__Data shown__:
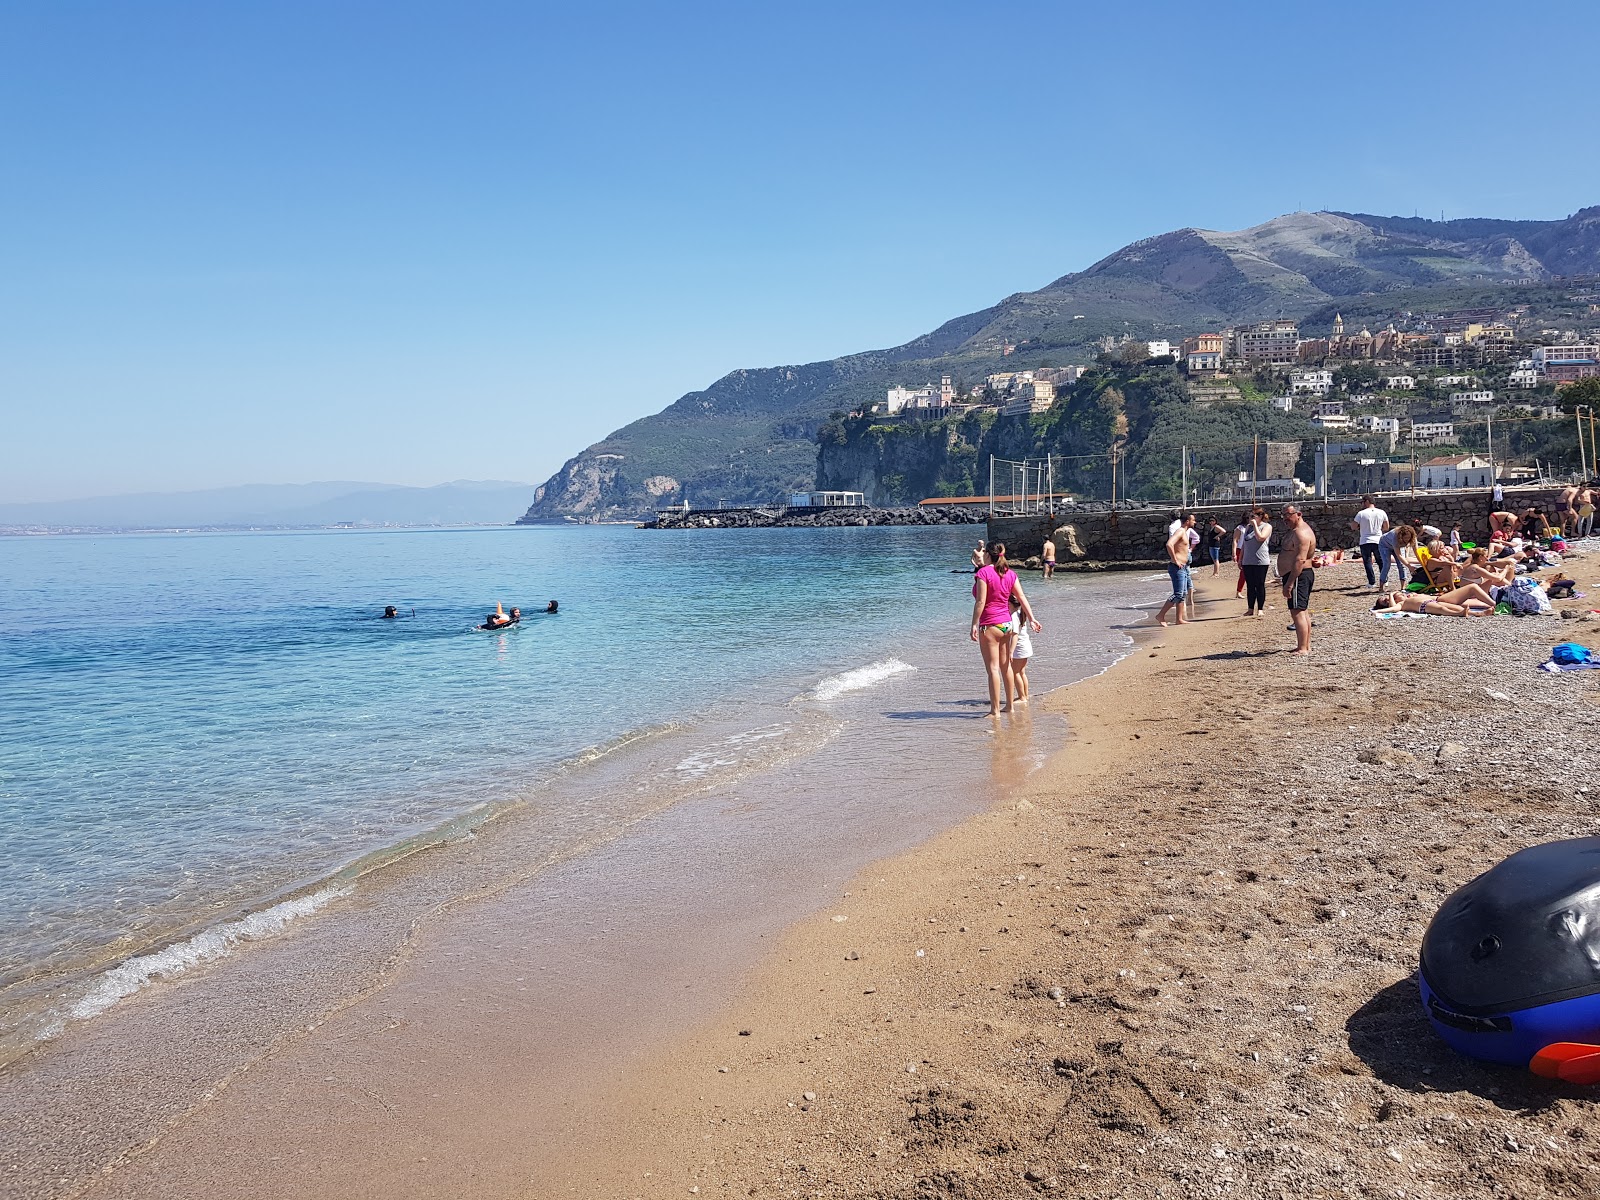 Spiaggia Seiano'in fotoğrafı küçük koylar ile birlikte
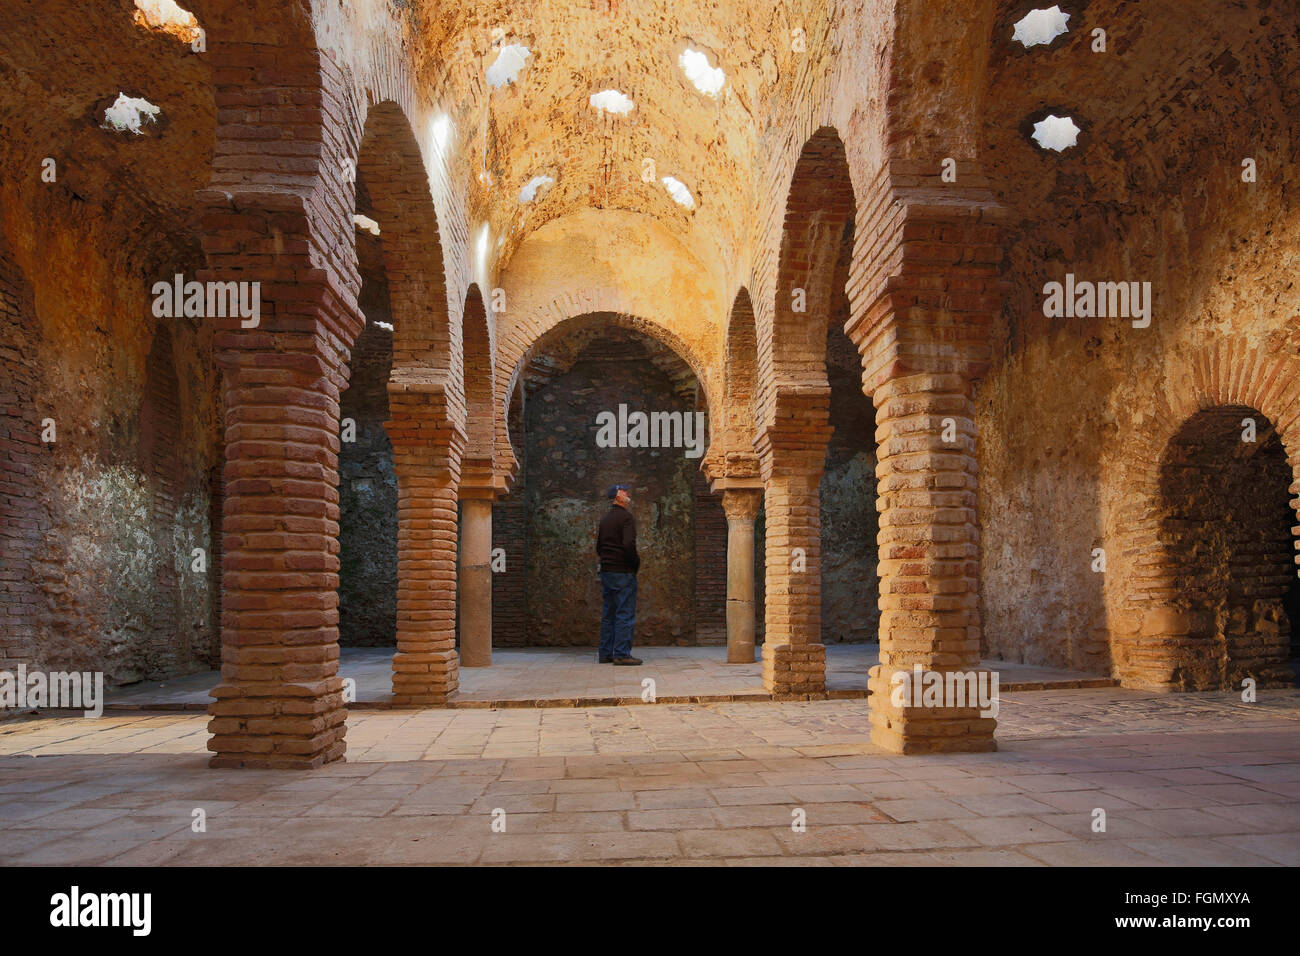 Ronda, Malaga Province, Andalusia, southern Spain. Interior of the Baños Arabes, or Arab baths. Stock Photo
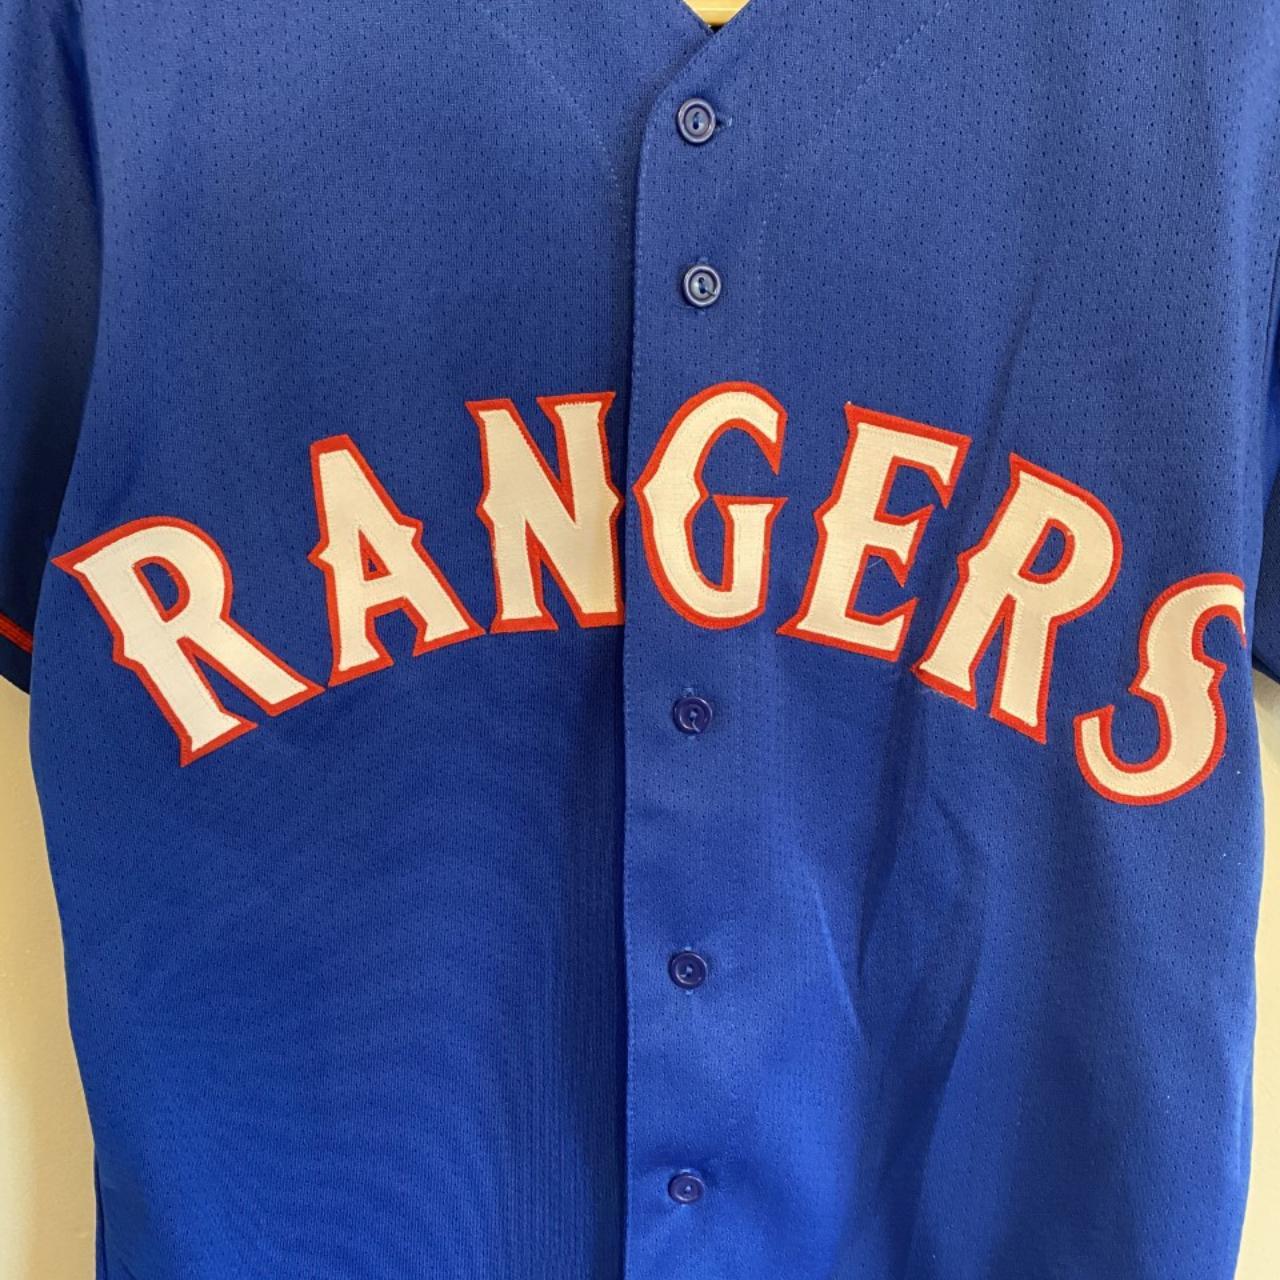 Majestic, Shirts, Texas Rangers Alfonso Soriano Jersey

__What you are asked to do__: Look above for the line containing "Ronda, Malaga Province, Andalusia, southern"; output that line and all lines after it through the last one exactly, without the pictures.

__Answer__:
 Ronda, Malaga Province, Andalusia, southern Spain. Interior of the Baños Arabes, or Arab baths. Stock Photo
 Majestic, Shirts, Texas Rangers Alfonso Soriano Jersey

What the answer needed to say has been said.